Один большущий рот с миллионом крошечных присосочек - он пережевывает, перемалывает меня, глотает по кусочку – мучительно. Мне не приходит в голову, что процесс этот не может быть остановлен, потому что он не может быть остановлен, потому что на переправе коней не меняют, и это еще старина Линкольн сказал, а уж такому уважаемому человеку, как Линкольн, может поверить даже такая нигилистка, как я. С другой стороны, если бы утверждение этого почтенного человека и гражданина не было так явно подкреплено моим собственным жизненным опытом, я бы, конечно, и его подвергла сомнению, но беда заключается в том, что именно мой жизненный опыт (и это, разумеется, для меня лично весит значительно больше, чем опыт всей американской истории) как нельзя лучше иллюстрирует линкольновский постулат. Год назад можно было говорить «нет». А сейчас уже было все равно, что говорить, потому что в такой ситуации даже слово «прекрати» может звучать только как «да».
Spiderman is having me… Я подставляю голодным губам все, что у меня есть, не скрывая ничего, словно свидетель на допросе, поклявшийся говорить правду, только правду, и ничего, кроме правды. Я отдаю тебе ямку возле шеи, татуировку на левом плече, розовый жесткий соск, серединку потной ладошки, три родинки чуть выше правого бедра, дрожащие колени, замерзшие ступни – ничего, кроме этой правды, у меня, по сути, и нет.
Никогда не было.
Внезапно с музыкальностью, достойной несмазанных ворот, чуть приоткрывается дверь и в комнату в полоске коридорного света величественно заходит Муся. Ты останавливаешься и тихонько смеешься, свободной рукой, не глядя, прикрываешь дверь и протягивешь ладонь к нахальной морде со светящимися глазами:
- И тебе? Тебе тоже хочется?
- Оставь ее, пусть ходит, - я пытаюсь вернуть тебя к себе, в себя, но рядом с Мусей я не конкуретноспособна. «Пусть ходит» не получается – да и глупо было бы ожидать: что я Муську не знаю, что ли?

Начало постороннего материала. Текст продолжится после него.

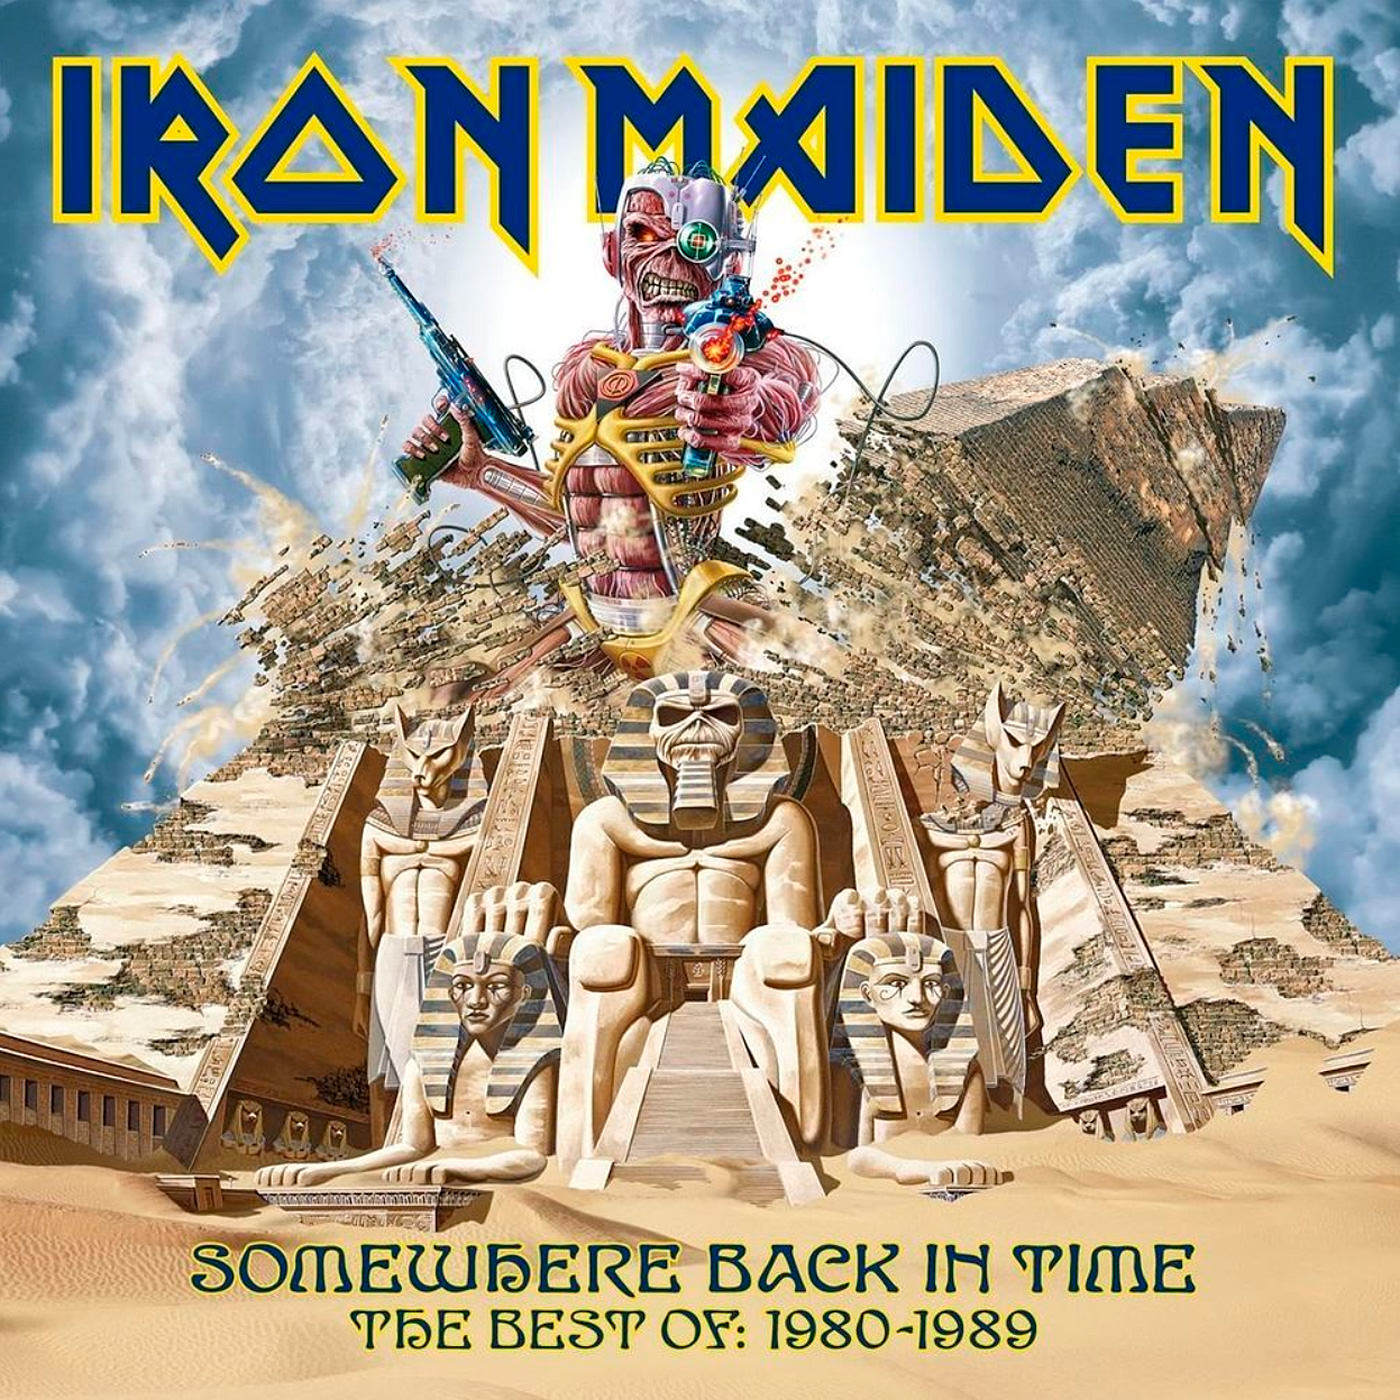 Iron Maiden – Somewhere Back In Time: The Best Of 1990-2010 (2008/2015) [Qobuz FLAC 24bit/48kHz]

Теперь к звукам тебя рядом прибавляются мягкие шаги лапок маленькой разбойницы. Вот она прошлась по столу, задев компьютер, отчего экран снова зафосфорицировал в темноте голубым, вот увесисто спикировала на скрипучий паркет, вот проходит под окном, задевая хвостом занавески, и те отвечают ей едва слышным звоном колечек наверху... И, конечно, в конце концов, Муся приходит к выводу, что нет в этой комнате объектов, более притягательных, чем мы.
Ты смеешься: тебя веселит квартет мягких лап, приземлившихся где-то посередине между тобой и мной (на самом деле, «между» никакого и нет, правильнее было бы сказать, что кошка, прыгнув, попала на нас обеих). Ты тратишь свои силы на очаровывание пушистой твари, чешешь ей за ушком, говоришь приготовленные для меня и разнеженные моей лаской слова, - что ж, ты права: я никуда не денусь. Я могу подождать. Жду.
Мусенька, я тебя понимаю, я тебя не виню. Я знаю, что когда она чешет пальчиком за ушком, можно забыть и про куриные шейки, и про чавкающих сосками котят, и про Цезаря с оторванным ухом, обитающего на нашей черной лестнице, и про припрятанный в моем книжном шкафу китикэт. Мусенька, я понимаю, что даже футбол в телеке с движущимся мячиком не идет ни в какое сравнение с нашей игрой на двоих. Мусенька, дорогая, послушай, со мной нельзя так поступать, когда я – одна сплошное «хочу»... Мусенька...
Прикосновения множатся: твои руки плюс еще четыре точечных конечности плюс меховое брюшко, которым ласковая кошка елозит по моей груди, – даже через одеяло я чувствую нестерпимое тепло. Как будто я маленькая, и мне ставят горчичники, которые запекают меня, как картошку, но неумолимый папа смотрит на огромные часы с выпуклым стеклом и отказывается отклеить пыточные бумажки раньше срока. Никто не избавит меня от шерстяной скотины, и нету, на самом деле, ни бумажек, которые можно отклеить и закончить эту муку, ни папы с часами, ни самого срока, как такового. Это бесконечно. И твое неровное дыхание смешивается с ее громоподобным урчанием, и когти, проходя сквозь ткань, сжимают кожу. Я почти теряю сознание.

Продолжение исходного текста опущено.